→ **ACTION ITEM**: Give all the lines below again, exactly, with no pictures.

→ **SUPPLIED DATA**:

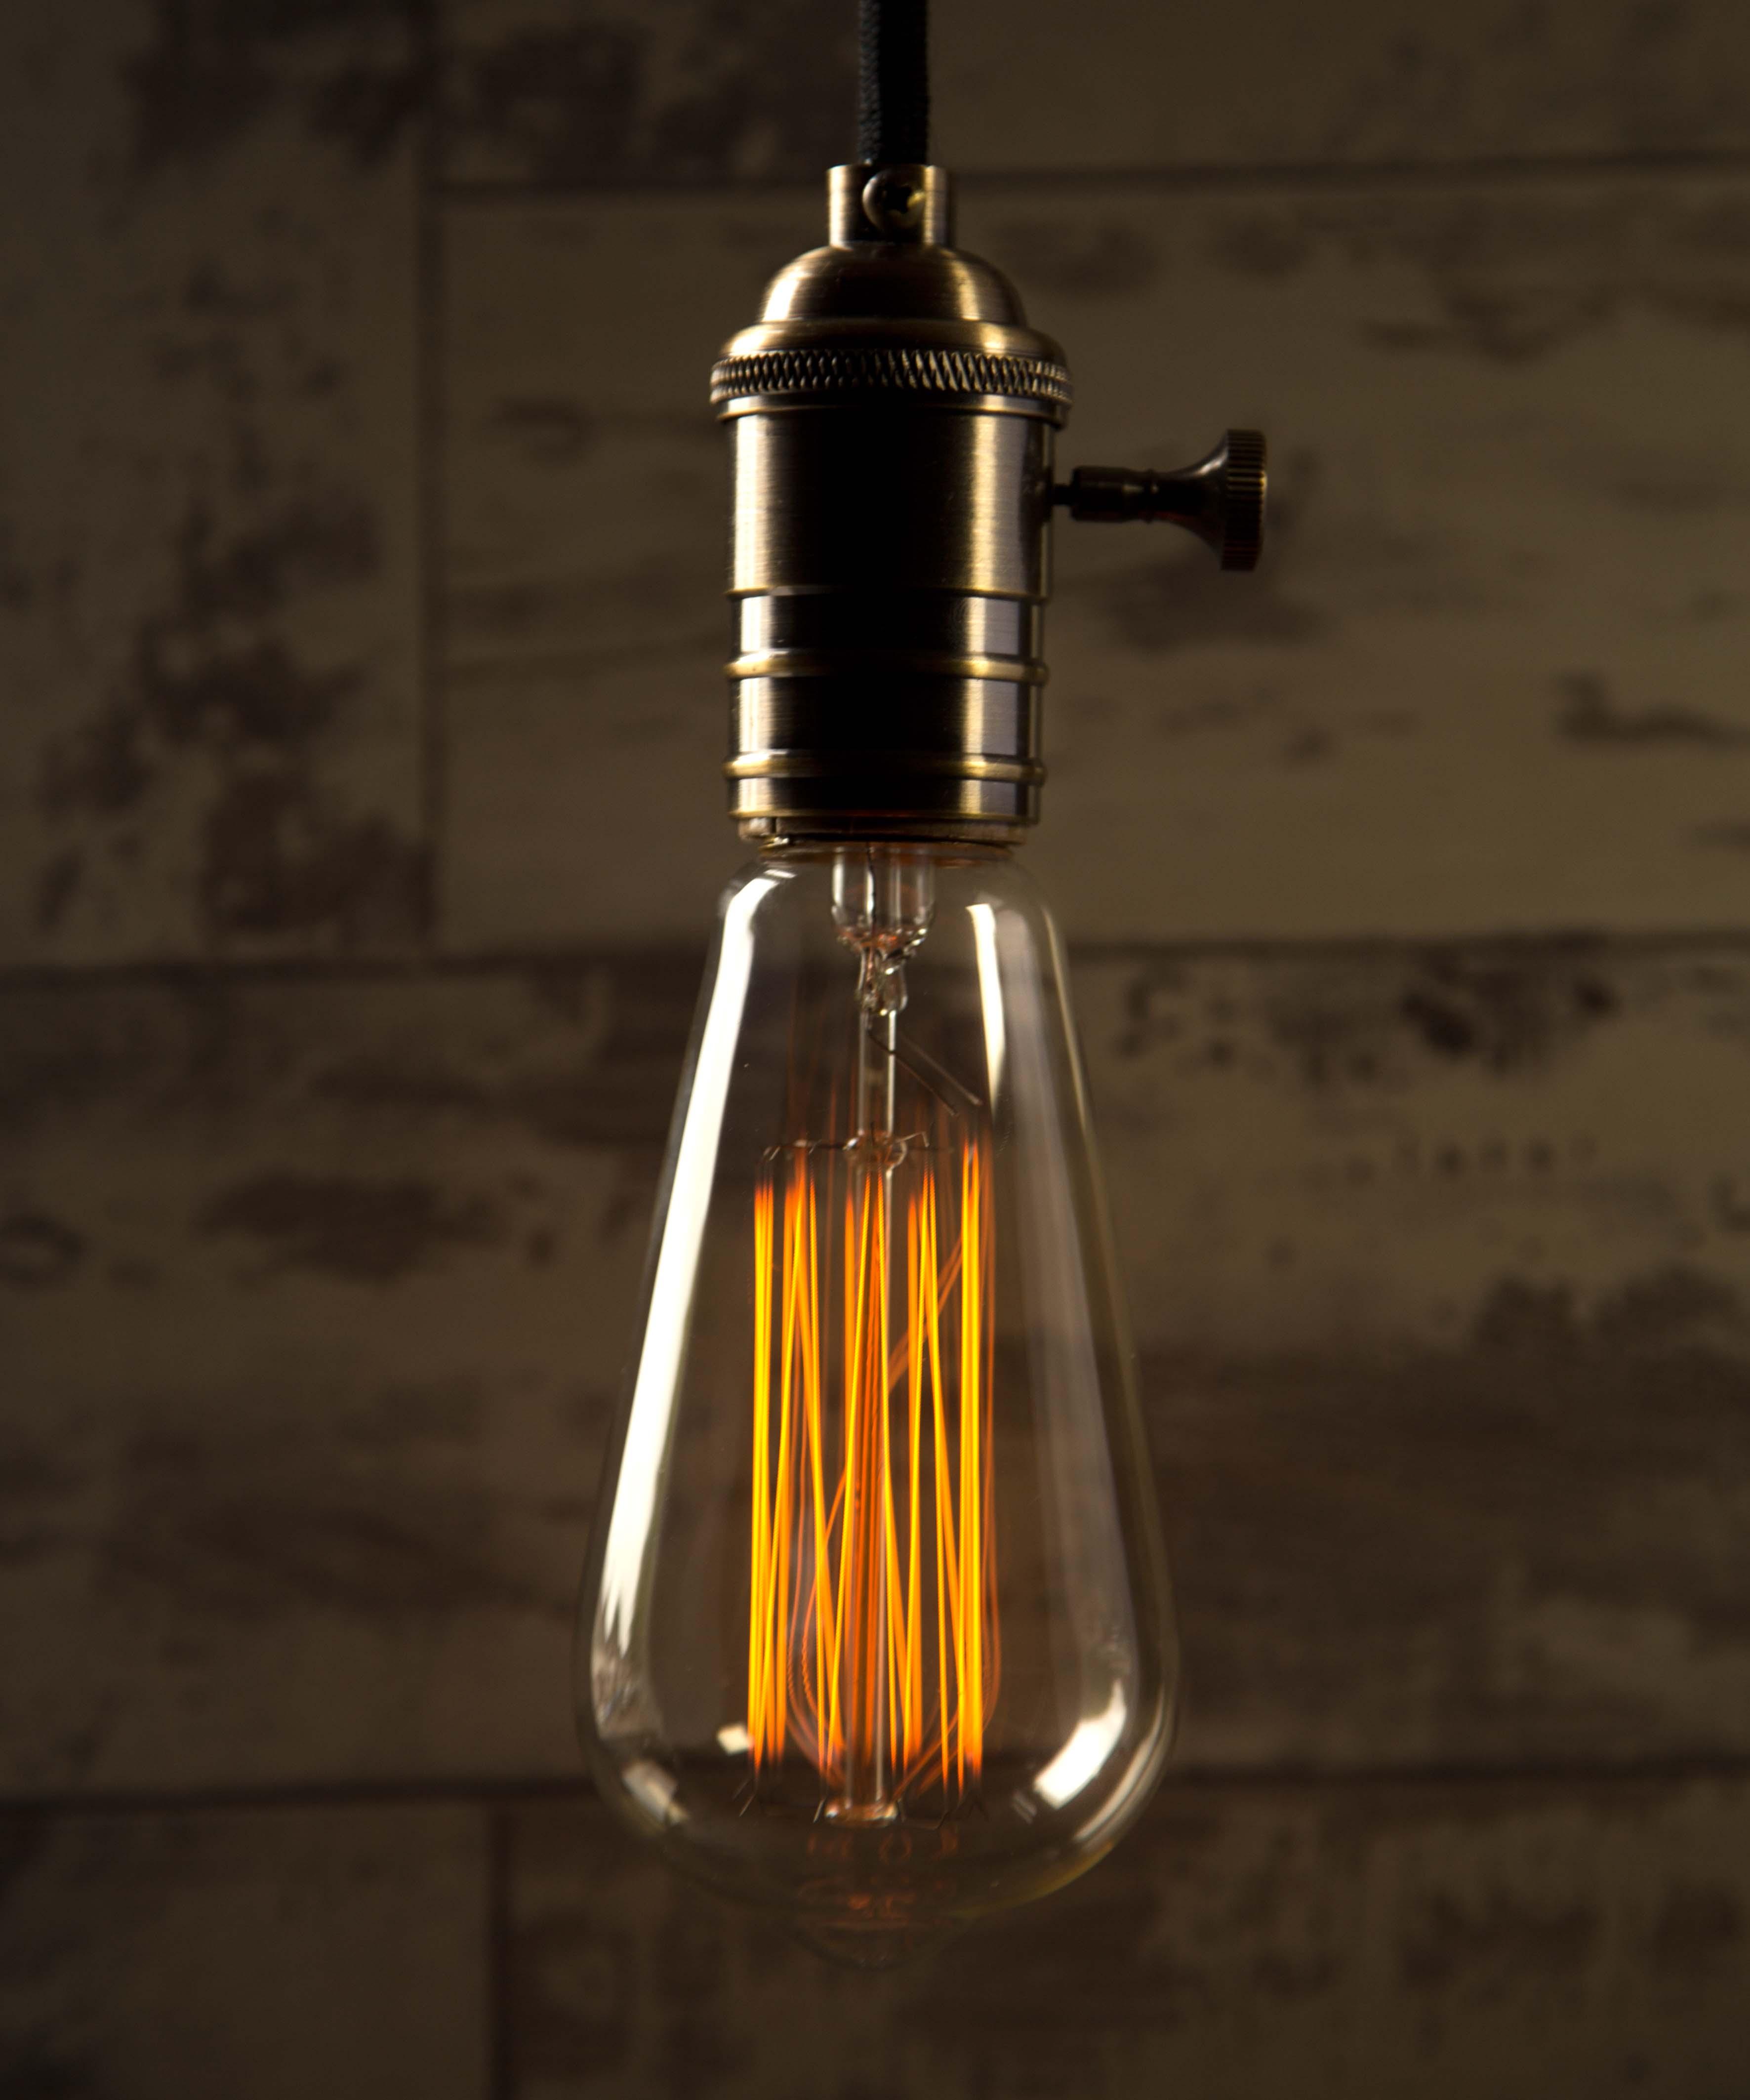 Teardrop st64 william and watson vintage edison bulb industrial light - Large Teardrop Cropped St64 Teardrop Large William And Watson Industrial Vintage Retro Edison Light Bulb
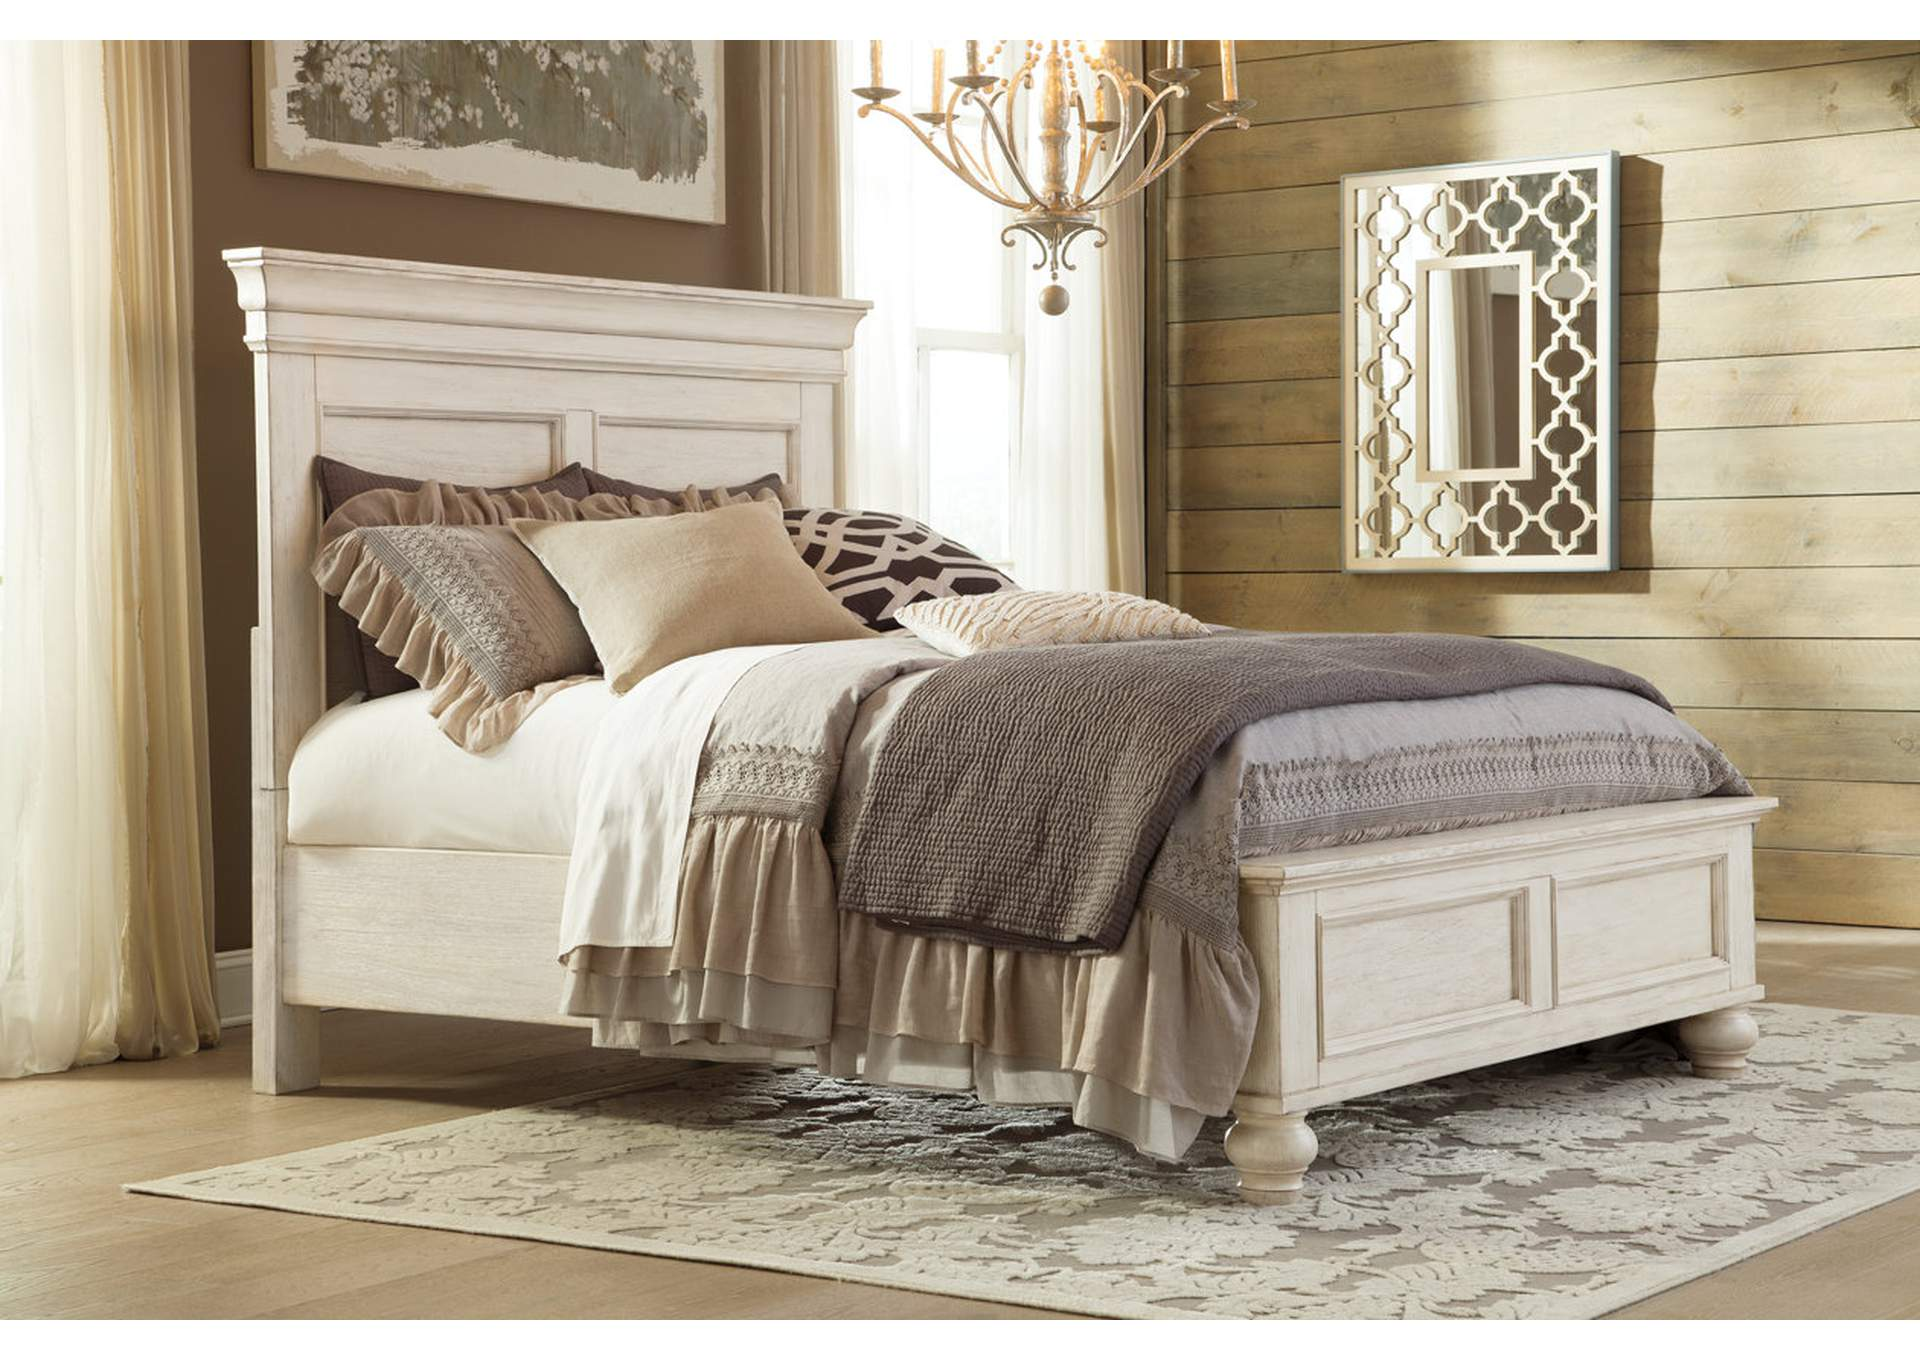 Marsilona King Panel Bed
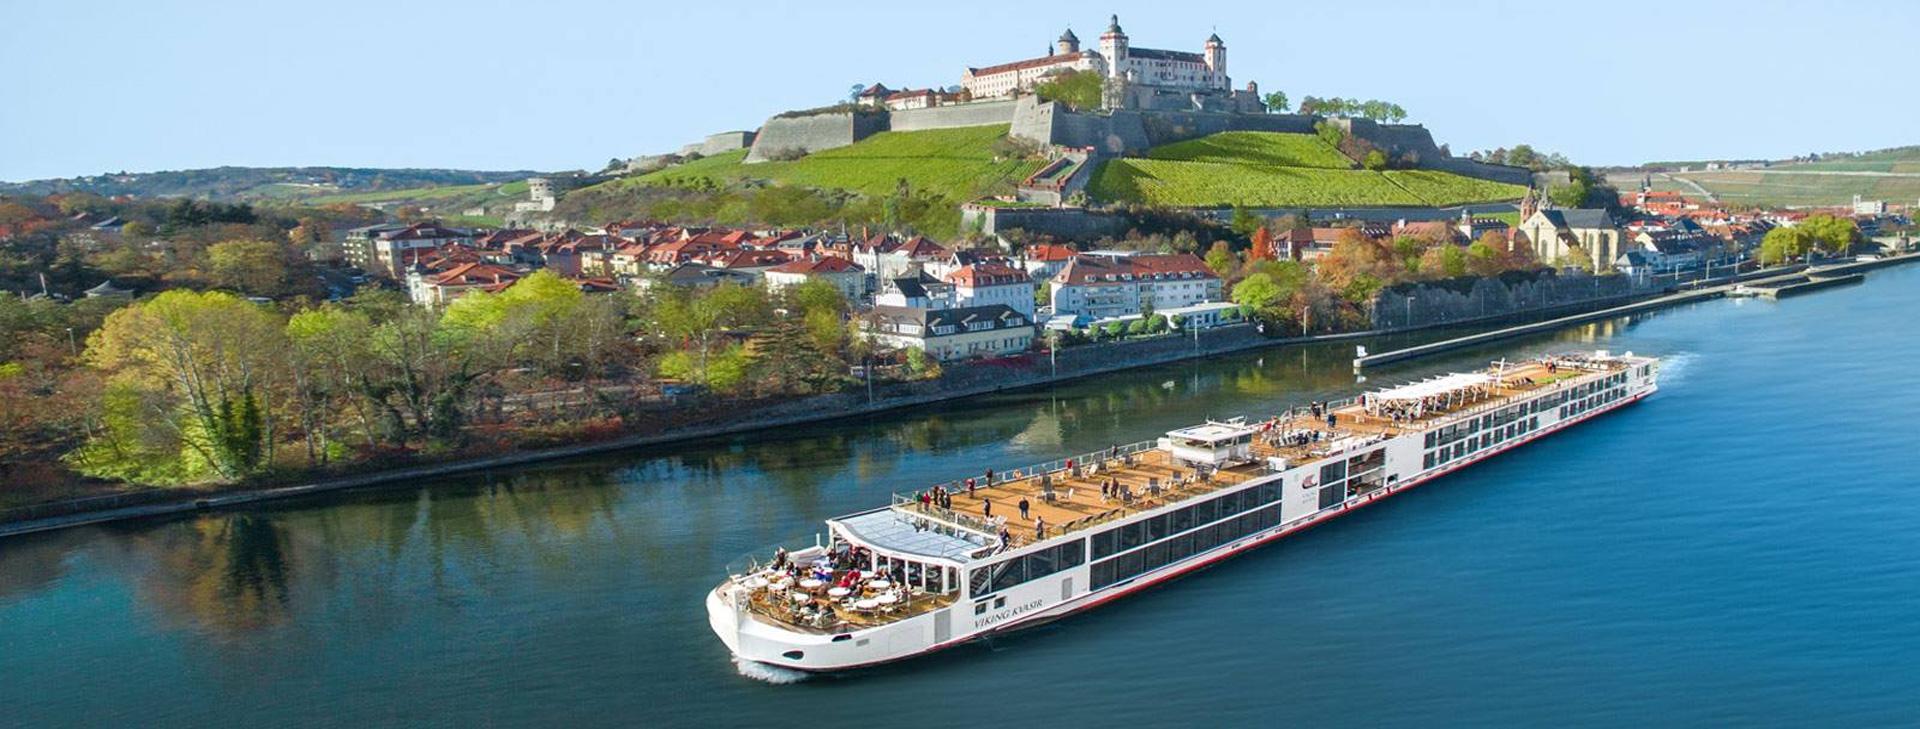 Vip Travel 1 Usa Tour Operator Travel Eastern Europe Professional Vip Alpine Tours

→ **SOLUTION FOR THIS TASK**:
 Teardrop st64 william and watson vintage edison bulb industrial light - Large Teardrop Cropped St64 Teardrop Large William And Watson Industrial Vintage Retro Edison Light Bulb
 Marsilona King Panel Bed
 Vip Travel 1 Usa Tour Operator Travel Eastern Europe Professional Vip Alpine Tours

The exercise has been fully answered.